Any update on sparse tensor ? Is there a apache mailing list / JIRA now where discussions can be held ?

eric-haibin-lin commented 7 years ago

Most of the discussions are on github right now. We are just starting to use the apache mailing list.. Two other threads for sparse are #5498 #5707

jli05 commented 7 years ago

How to use the Apache mailing lists?
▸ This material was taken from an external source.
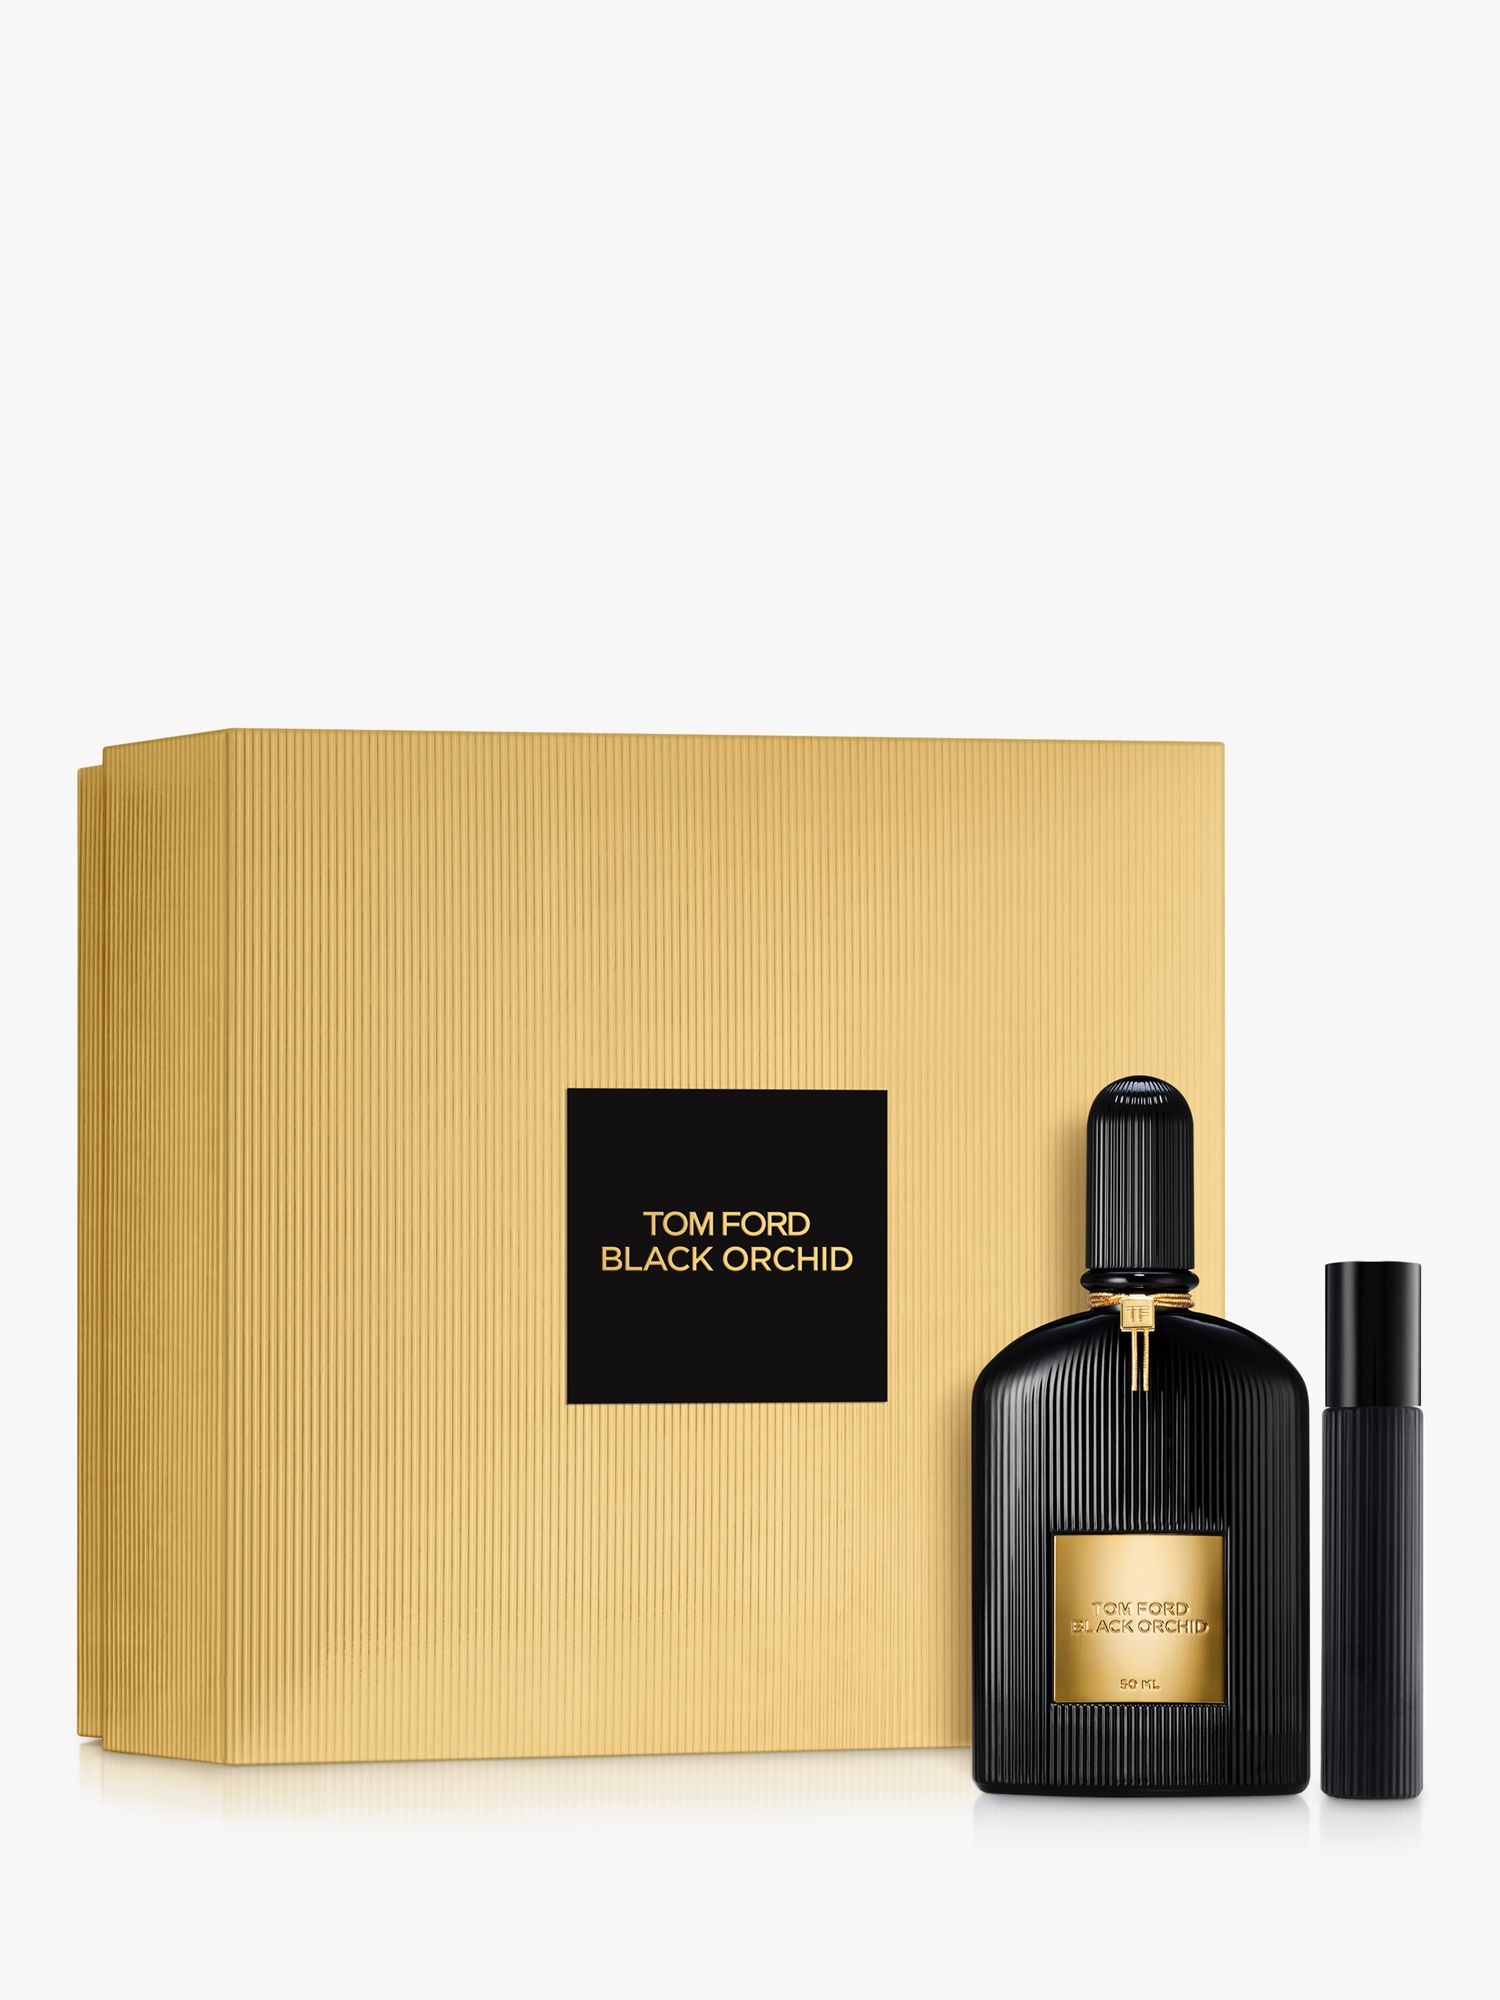 TOM FORD Black Orchid Eau de Parfum 50ml Fragrance Gift Set

Could you give a web page that explains in detail?

formath commented 7 years ago

Any progresses?

eric-haibin-lin commented 7 years ago

@jli05 apache mailing list is here: http://mxnet.io/community/mxnet_channels.html @formath we're merging cpu implementation into the sparse branch this week. Still need to refactor some nnvm code and do some benchmarking before merging it into master #5800 some initial benchmark result is available at https://github.com/eric-haibin-lin/mxnet/issues/60

ykim362 commented 7 years ago

If MKL uses this design, do you expect any changes in front-end scripts or do you try to keep the front-end script same?

eric-haibin-lin commented 7 years ago

@ykim362 I'd expect most of the changes are in the backend.

yajiedesign commented 7 years ago

This issue is closed due to lack of activity in the last 90 days. Feel free to reopen if this is still an active issue. Thanks!